## The problem
Give again, character for character, the lines that lie between the first line of the material and the line with "Metal basketball hoop", inclusive. Omit pictures.

## Data
+ + + + +

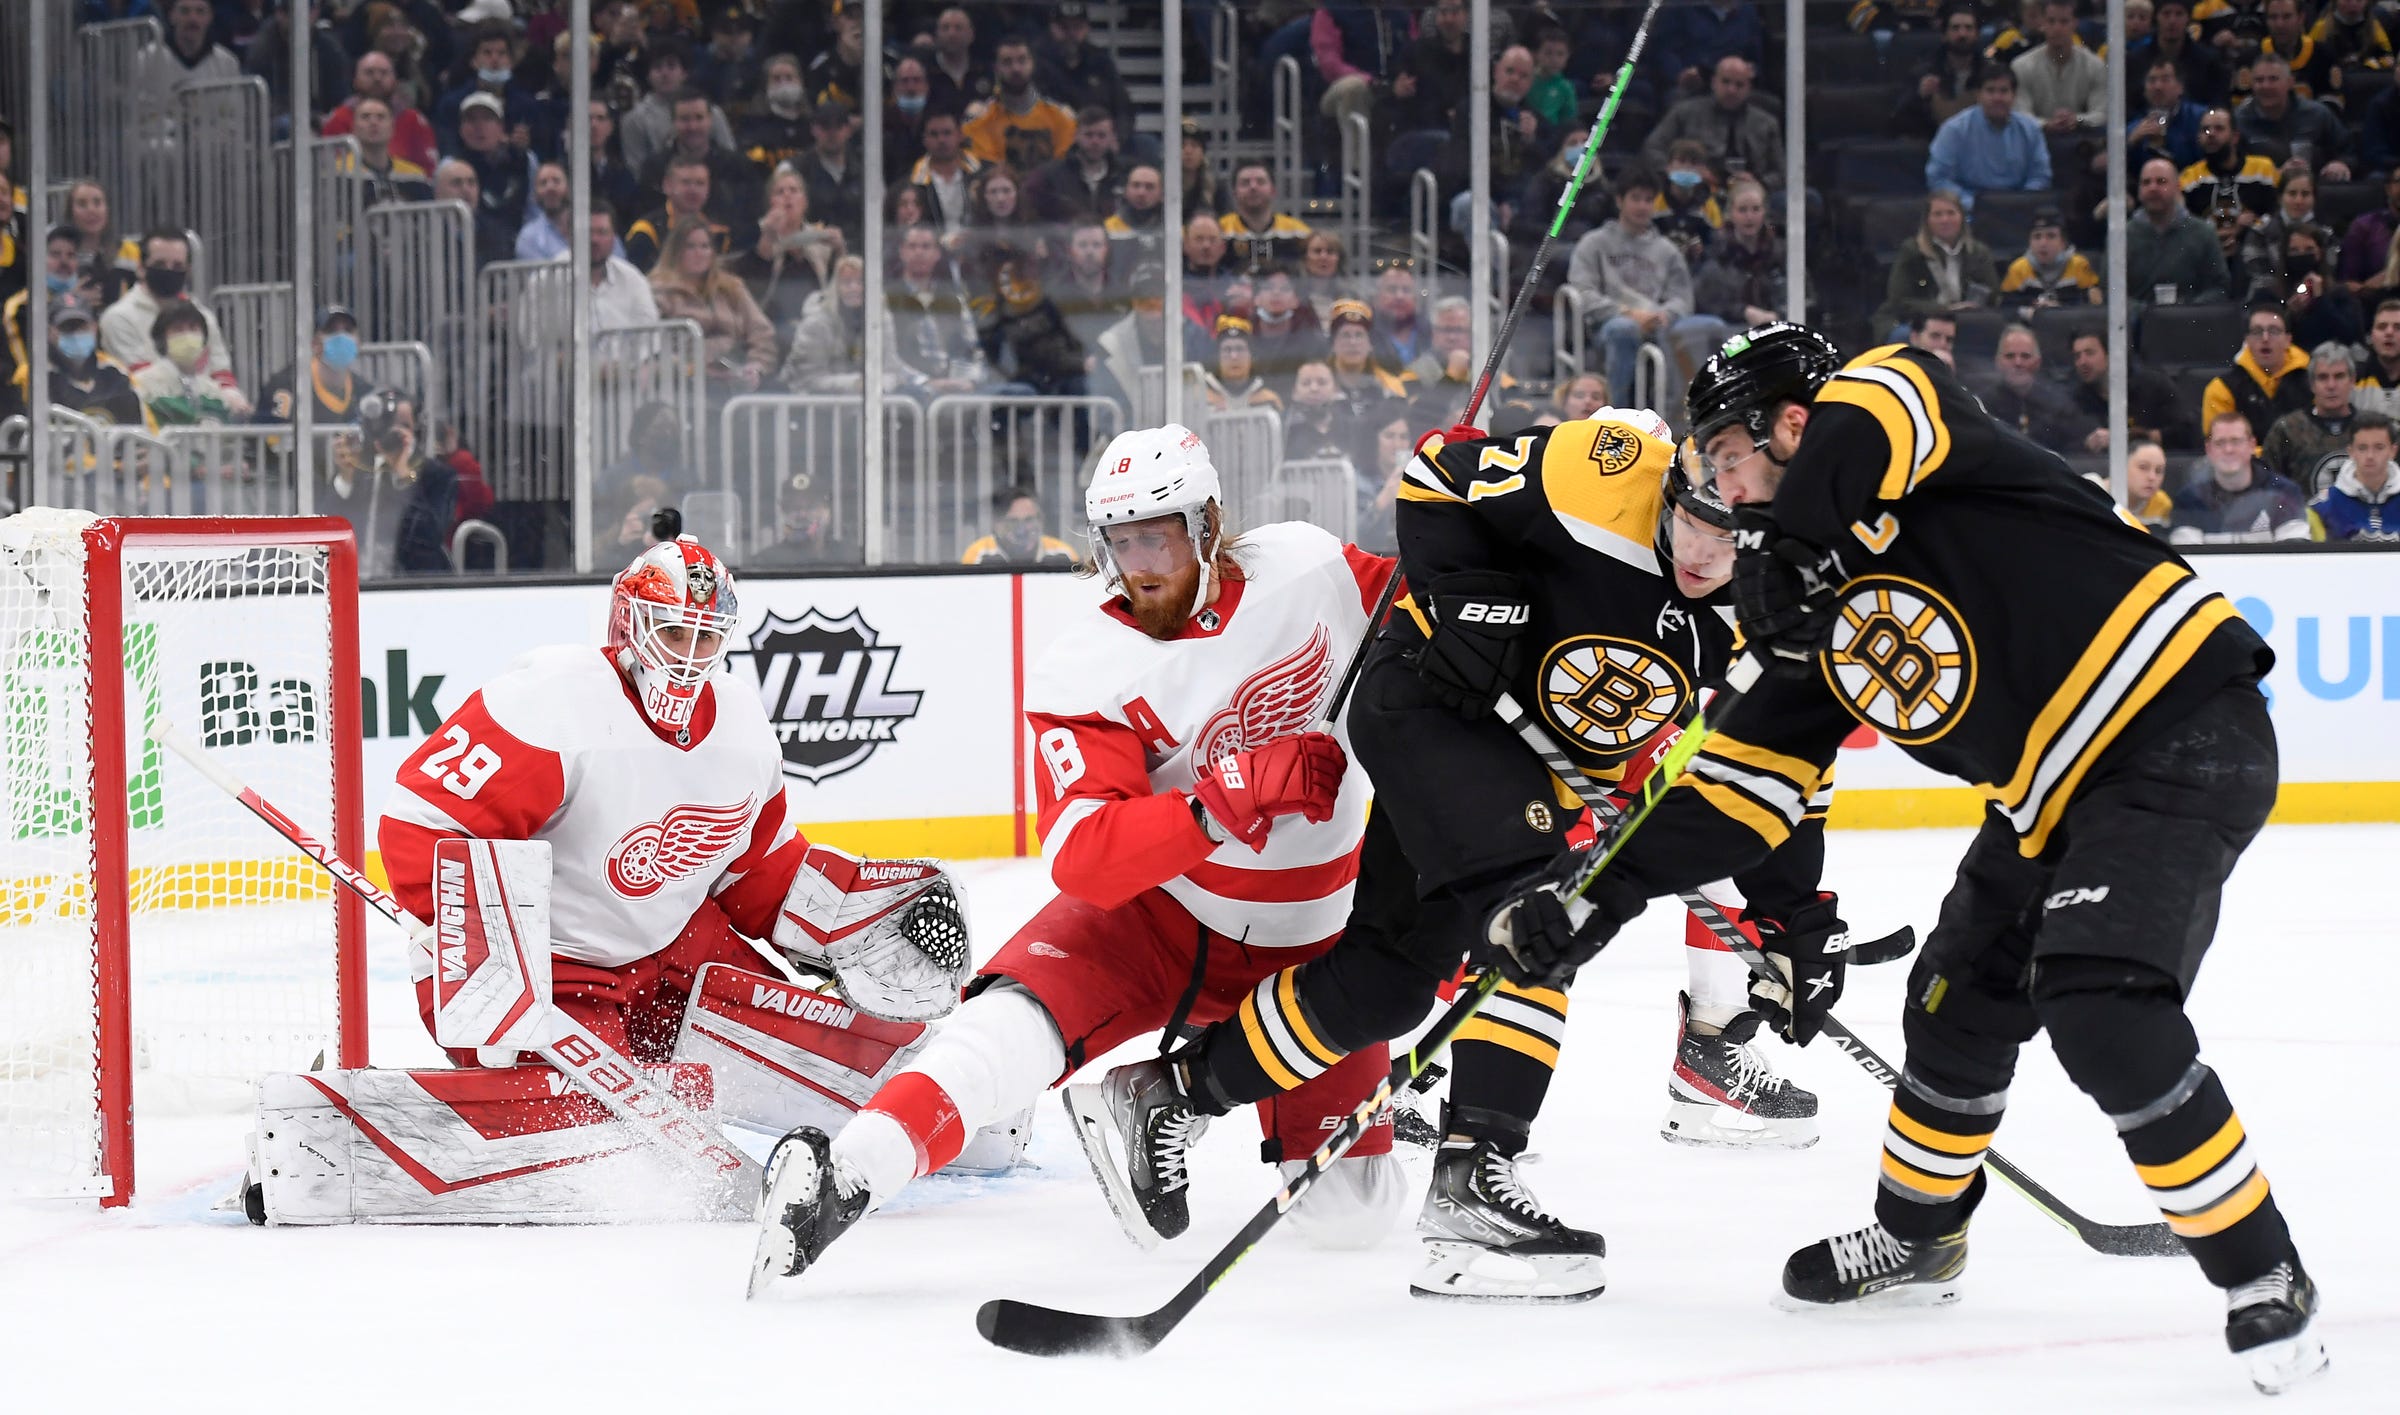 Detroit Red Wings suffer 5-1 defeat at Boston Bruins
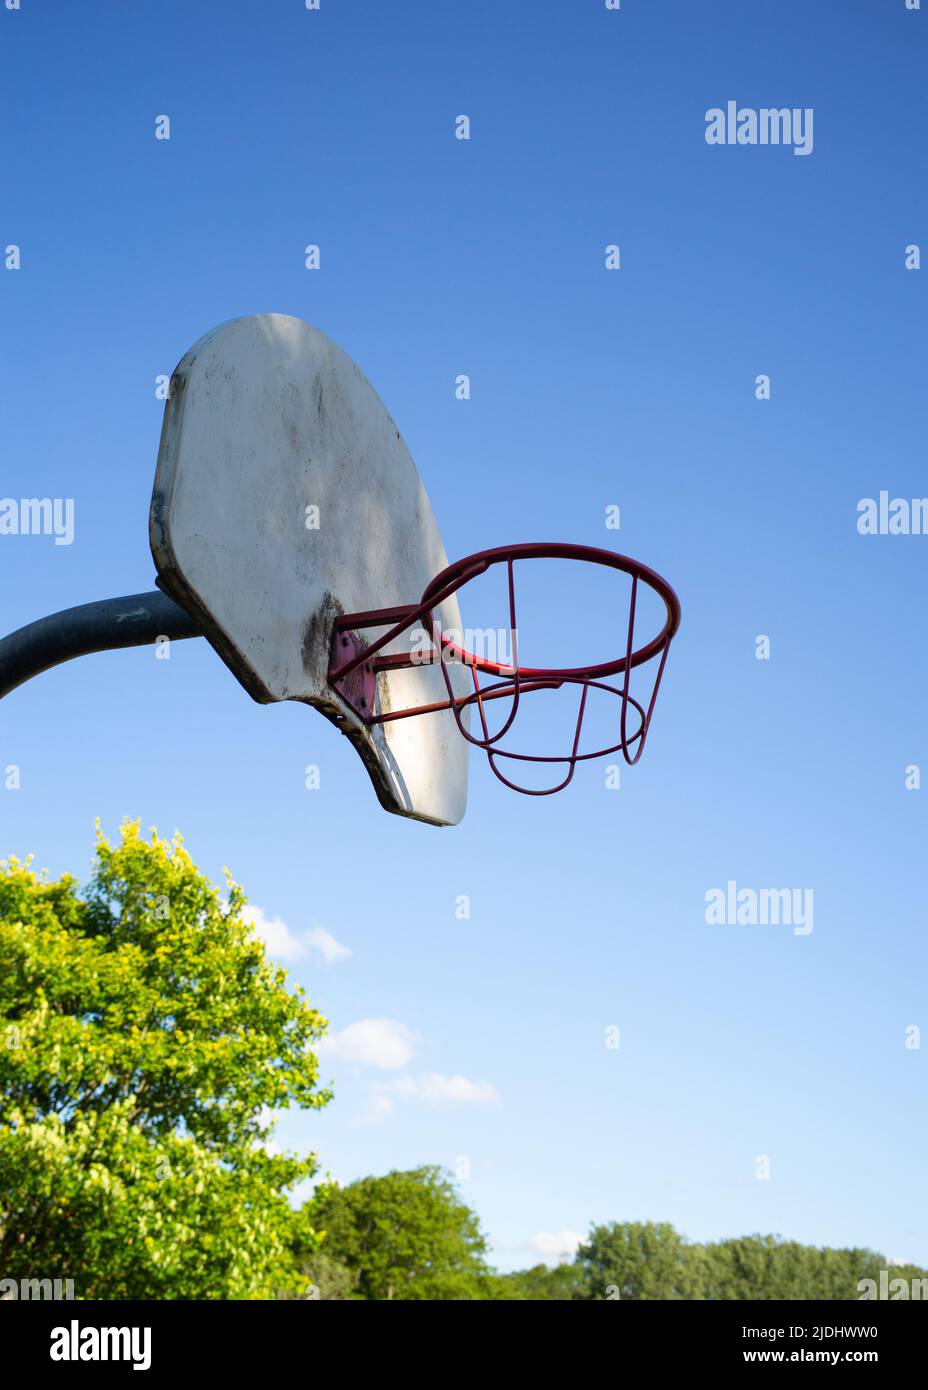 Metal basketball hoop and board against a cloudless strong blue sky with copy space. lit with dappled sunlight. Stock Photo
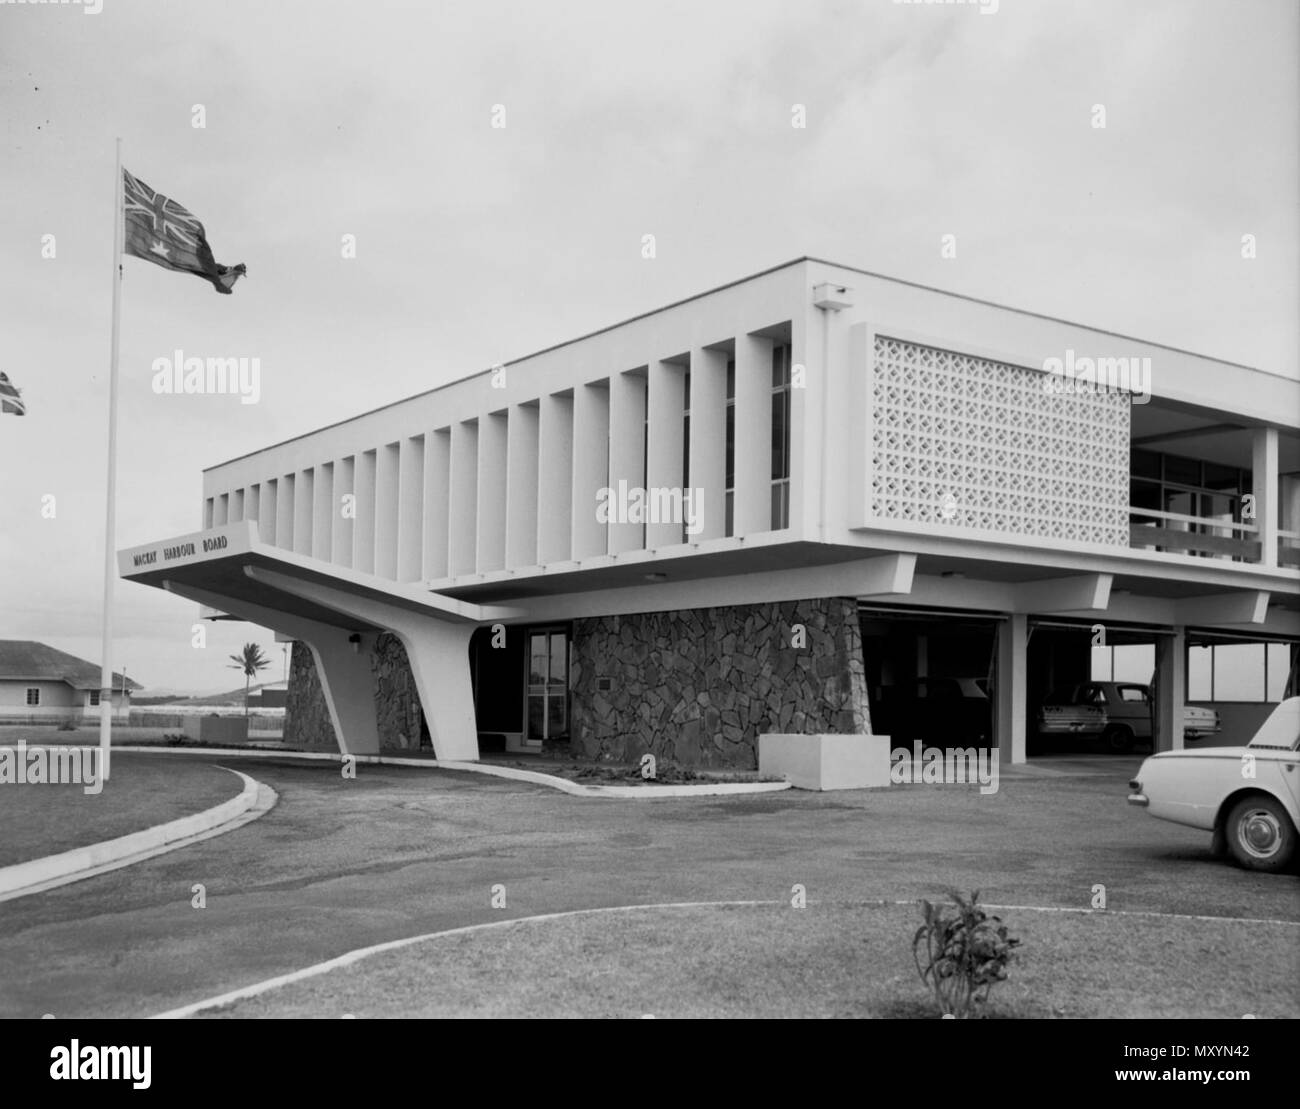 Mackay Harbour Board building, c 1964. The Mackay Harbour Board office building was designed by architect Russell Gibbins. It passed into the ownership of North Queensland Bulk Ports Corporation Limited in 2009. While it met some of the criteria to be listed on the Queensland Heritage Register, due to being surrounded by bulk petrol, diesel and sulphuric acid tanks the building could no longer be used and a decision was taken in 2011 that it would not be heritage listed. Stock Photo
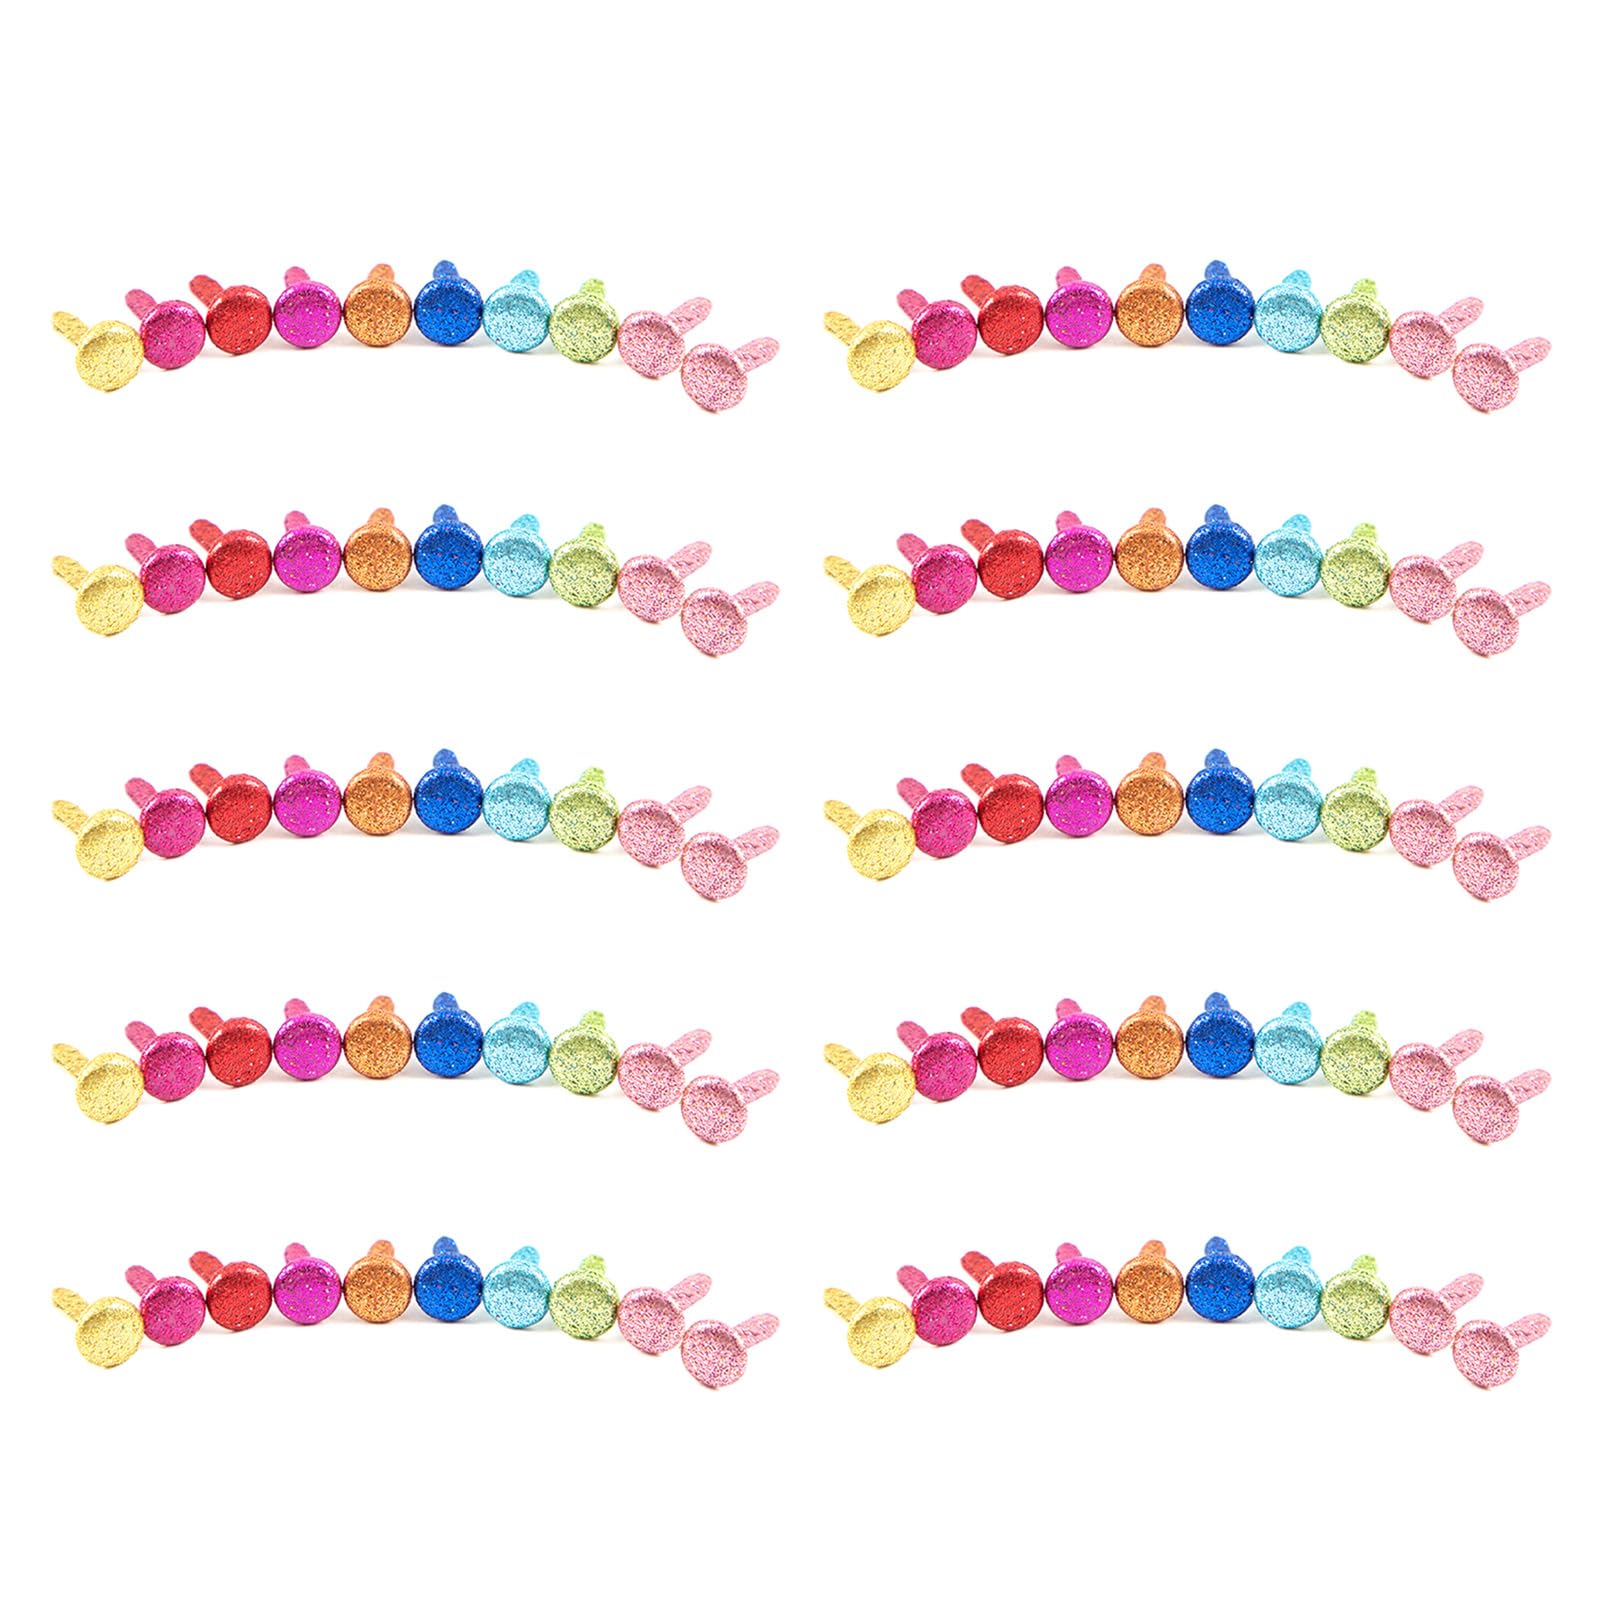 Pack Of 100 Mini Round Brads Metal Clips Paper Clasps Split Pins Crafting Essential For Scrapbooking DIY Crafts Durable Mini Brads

+ + + + +

## Reply to the exercise
 Detroit Red Wings suffer 5-1 defeat at Boston Bruins
 Metal basketball hoop and board against a cloudless strong blue sky with copy space. lit with dappled sunlight. Stock Photo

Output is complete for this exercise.